The metrics calculation methods
Any self respecting database needs to be able to provide a whole host of metrics for the user.
Let us talk about something simple, like the requests / second metrics. This seems like a pretty easy metric to have, right? Every second, you have N number of requests, and you just show that.
But it turns out that just showing the latest req/sec number isn’t very useful, primarily because a lot of traffic actually have a valleys & peaks. So you want to have the req/sec not for a specific second, but for some time ago (like the req/sec over the last minute & 15 minutes).
One way to do that is to use an exponentially-weighted moving average. You can read about their use in Unix in these articles. But the idea is that as we add samples, we’ll put more weight on the recent samples, but also take into account historical data.
That has the nice property that it reacts quickly to changes in behavior, but it smooth them out that you see a gradual change over time. The bad thing about it is that it is not accurate (in the sense that this isn’t very easy for us to correlate to exact numbers) and it is smooth out changes.

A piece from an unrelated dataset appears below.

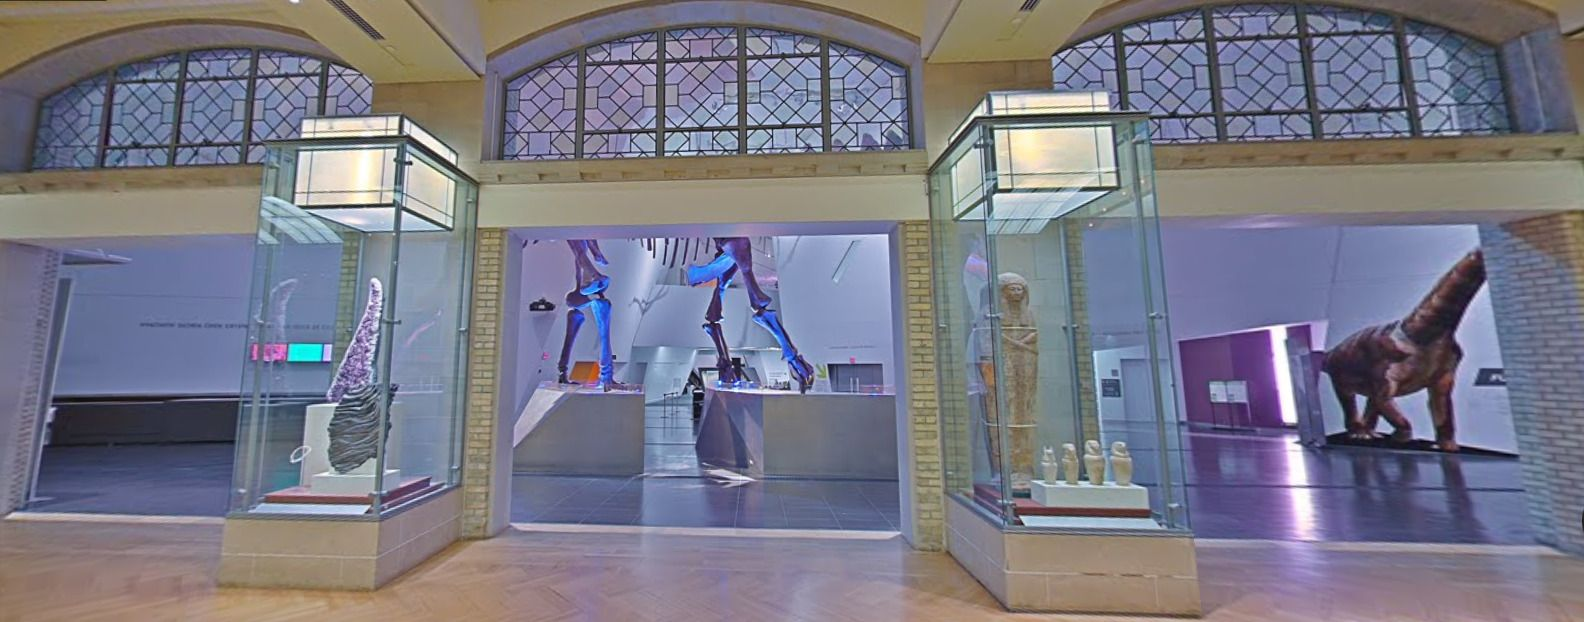 موزه سلطنتی اونتاریو The Royal Ontario Museum

On the other hand, you can take exact metrics. Going back to the req/sec number, we can allocate an array of 900 longs (so enough for 15 minutes with one measurement per second) and just use this cyclic buffer to store the details. The good thing about that is that it is very accurate, we can easily correlate results to external numbers (such as the results of a benchmark).
With the exact metrics, we get the benefit of being able to get the per second data and look at peaks & valleys and measure them. With exponentially weighted moving average, we have a more immediate response to changes, but it is never actually accurate.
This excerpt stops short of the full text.